CommonSpace’s weekend news man, Balder McDash, rounds up the main stories
NHS remodelled as the Hunger Games
JEREMY HUNT, secretary of state for health, has announced his intention to remodel the NHS in the style of the Hunger Games.
Members of the public will now compete to receive medical treatment. On the sound of the klaxon, patients will race towards the operating theatre.
Harriet Harman, acting leader of Labour Party, said: “I actually agree with Jeremy’s decision. We have to accept that we lost the election because people found us lacking in imagination.”
David Cameron added: “Jeremy’s doing a marvellous job. As Prime Minister he has my full support. Our NHS is precious and valuable.
“Commoners must learn that free healthcare must be earned through a combination of hard work and determination.”
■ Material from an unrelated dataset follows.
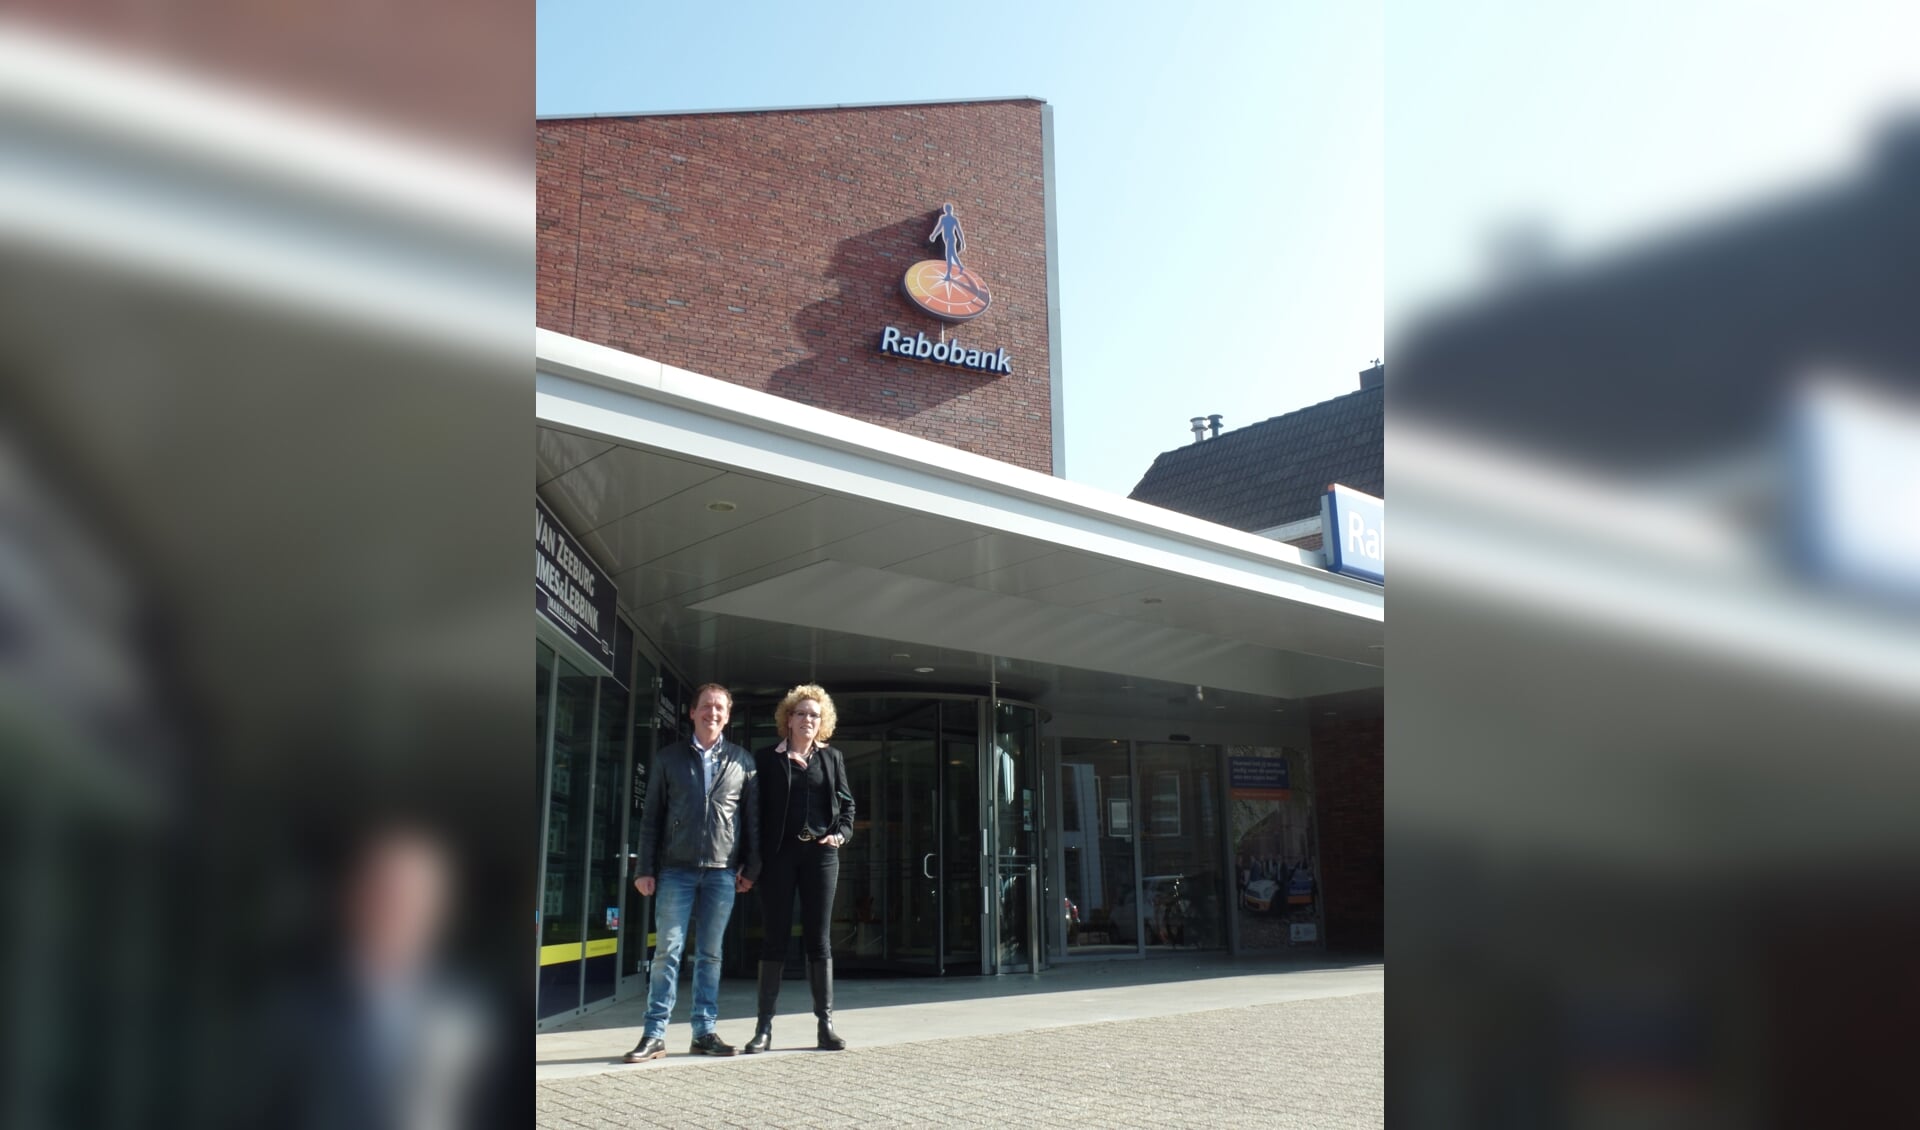 Met de koop van het Rabobank pand gaat voor Monique en John van der Voort een langgekoesterde wens in vervulling. Foto: Jan Hendriksen

Labour party washes up on beach
FRENCH investigators this week identified debris found on Reunion Island as fragments of the Labour party.
Tragedy occurred when the party crashed without warning in May. Infighting had broken out among MPs over the direction of travel, causing the party to enter a steep descent and lose control.
Only a few pieces of debris have been identified so far. These are understood to include a large pledge stone and the remains of a bacon sandwich.
Officials have predicted that they will soon find other items washed up on the shoreline; ideas for example. However, no ideas have been discovered to date as it is understood that none of them ever floated.
Chuckle Brothers to run for London Mayor
PAUL and Barry Chuckle have announced their bid to become London Mayor.
Speaking at their campaign launch in downtown Soho, the much loved entertainers commented: “We’ve spent our careers to date as bumbling fools so we reckon we’re perfect for the job.”
Independent candidate George Galloway said: “This is scandalous, villainous and outrageous; it will bring nothing but shame and dishonour upon the good people of London Town. To the chuckle twins I say this: you have little credibility.”
Paul and Barry have been criticised for entering the contest as a duo. Leading right wing columnist Ted Smirk of The Daily Tory commented: “These chuckle fellows will cause chaos and confusion. How on earth will they tackle the big issues facing this great city?”
To this Paul replied: “Easy. Tube strike…to me, terrorism….to you, housing…to me…”
Also in the running are Sarah Millican, Dappy from N-Dubz and Katie Hopkins.
After hearing this, Barry reportedly said: “Oh dear oh dear oh dear.”